The data
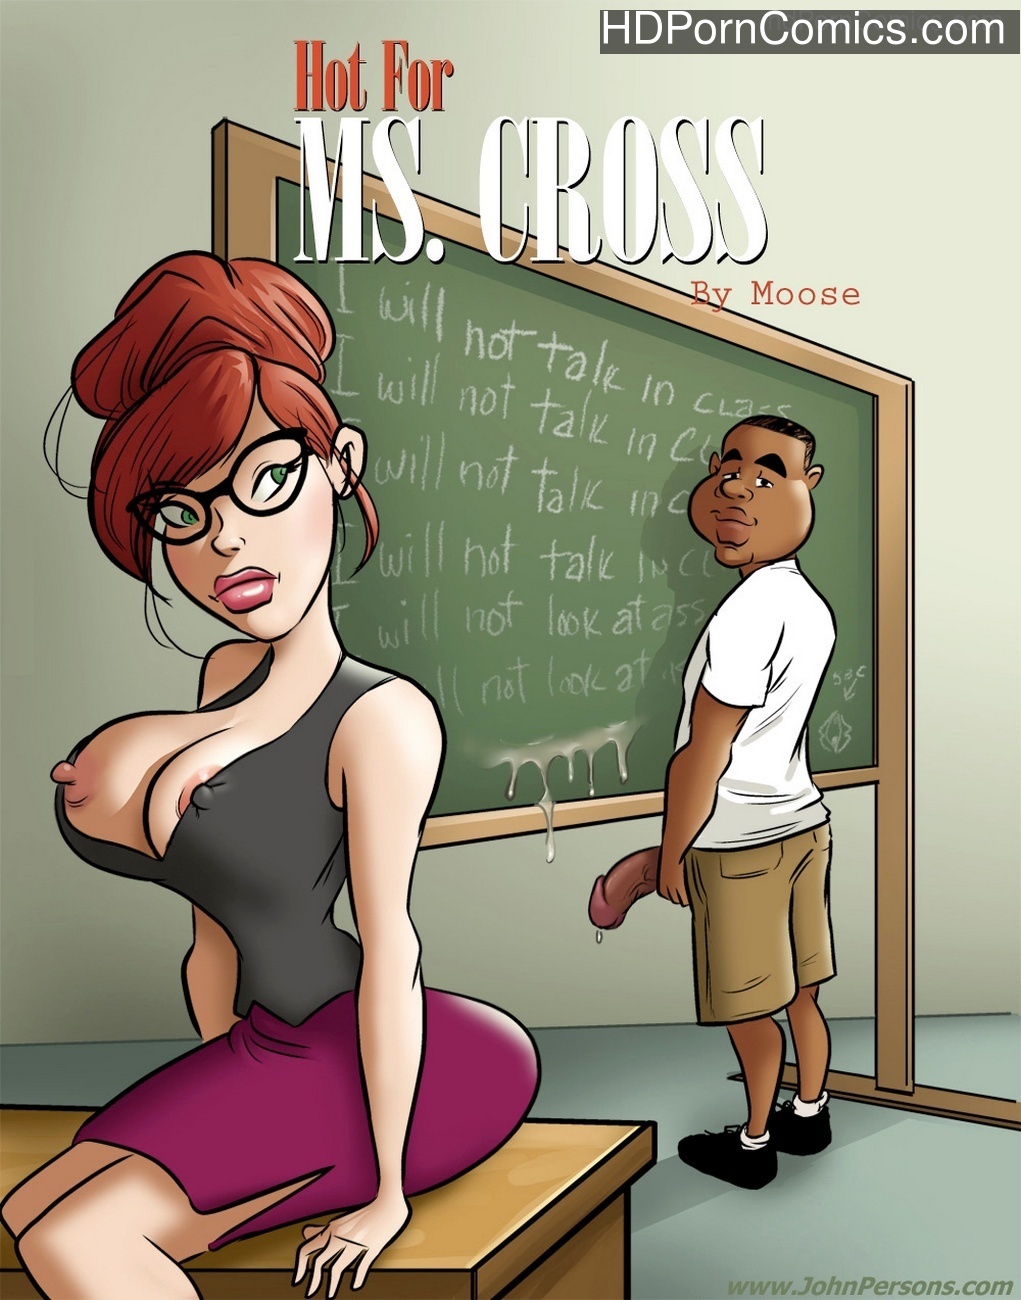 Hot Sex Porn Comic - Hot For Ms Cross 1 Sex Comic - HD Porn Comics
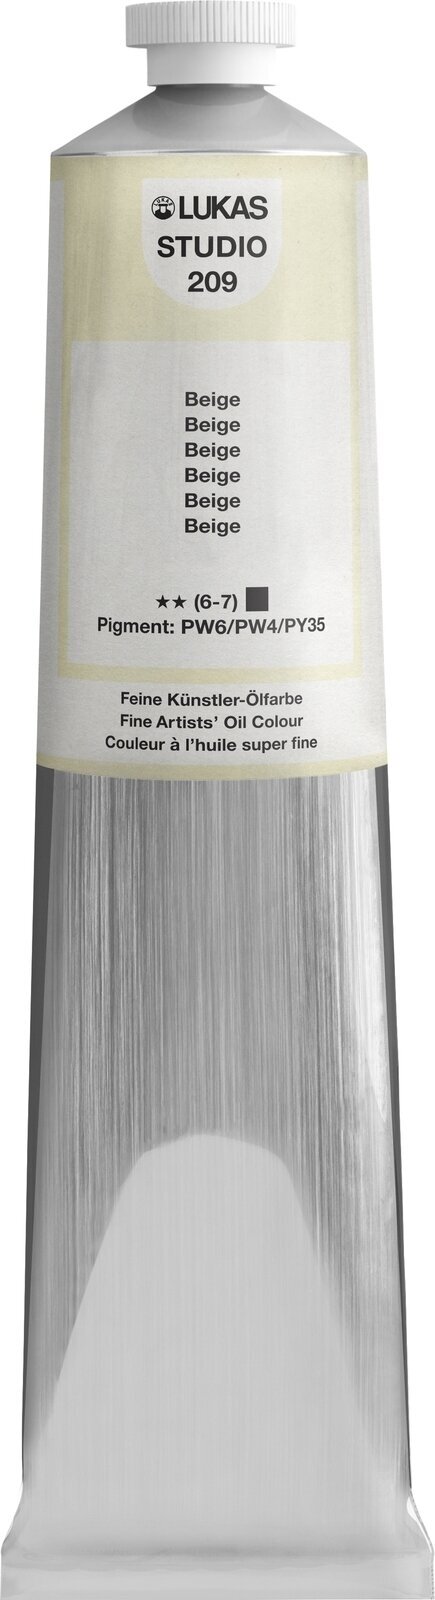 Ölfarbe Lukas Studio Oil Paint Aluminium Tube Ölgemälde Beige 200 ml 1 Stck
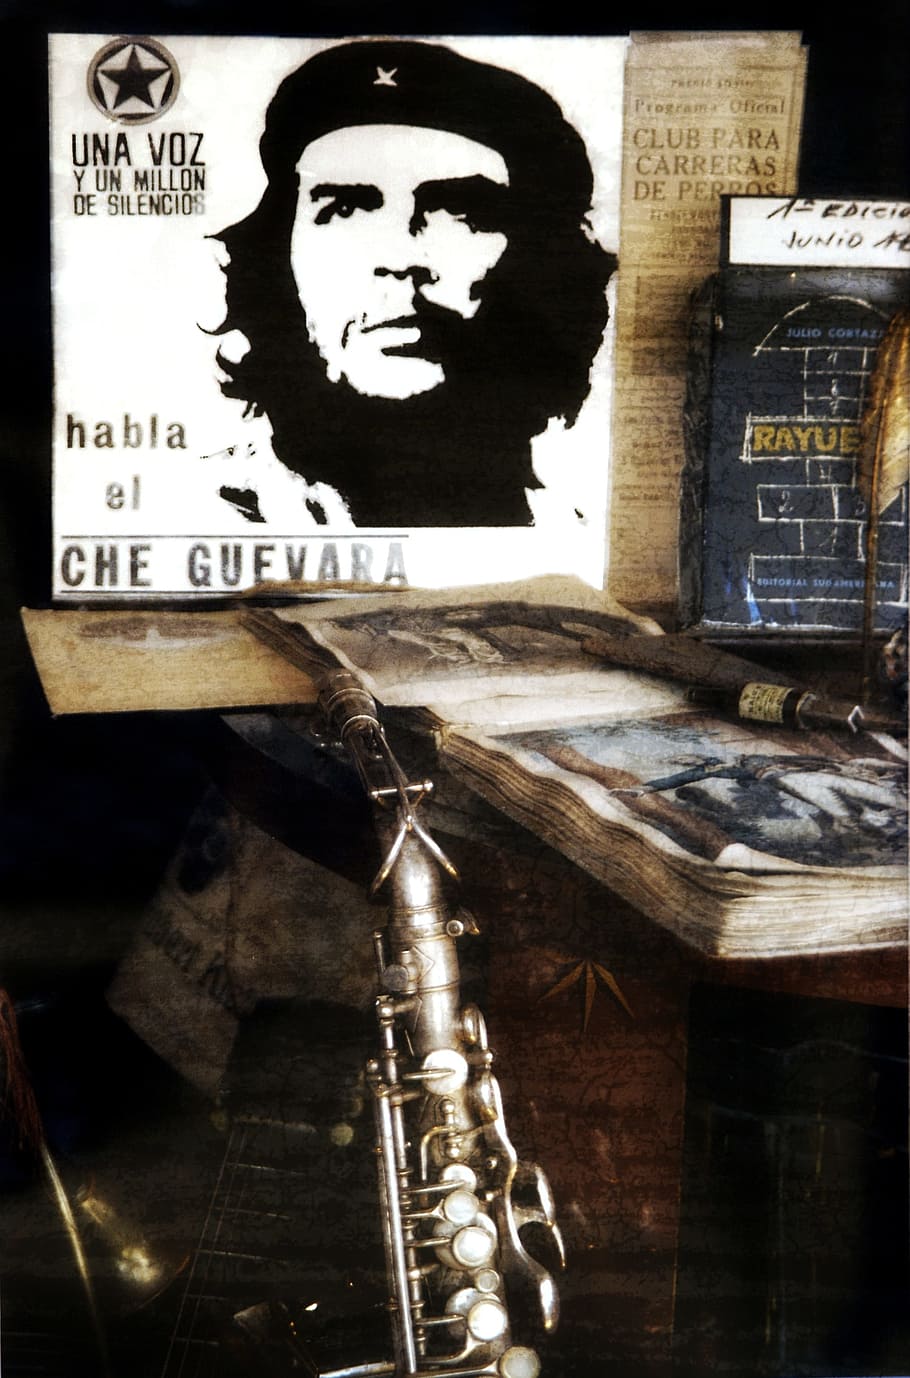 gray flute, Still Life, Che Guevara, Music, instrument, book

Assignment
Copy the preceding data in full and word for word, dropping its pictures.

Output below
 Hot Sex Porn Comic - Hot For Ms Cross 1 Sex Comic - HD Porn Comics
 Ölfarbe Lukas Studio Oil Paint Aluminium Tube Ölgemälde Beige 200 ml 1 Stck
 gray flute, Still Life, Che Guevara, Music, instrument, book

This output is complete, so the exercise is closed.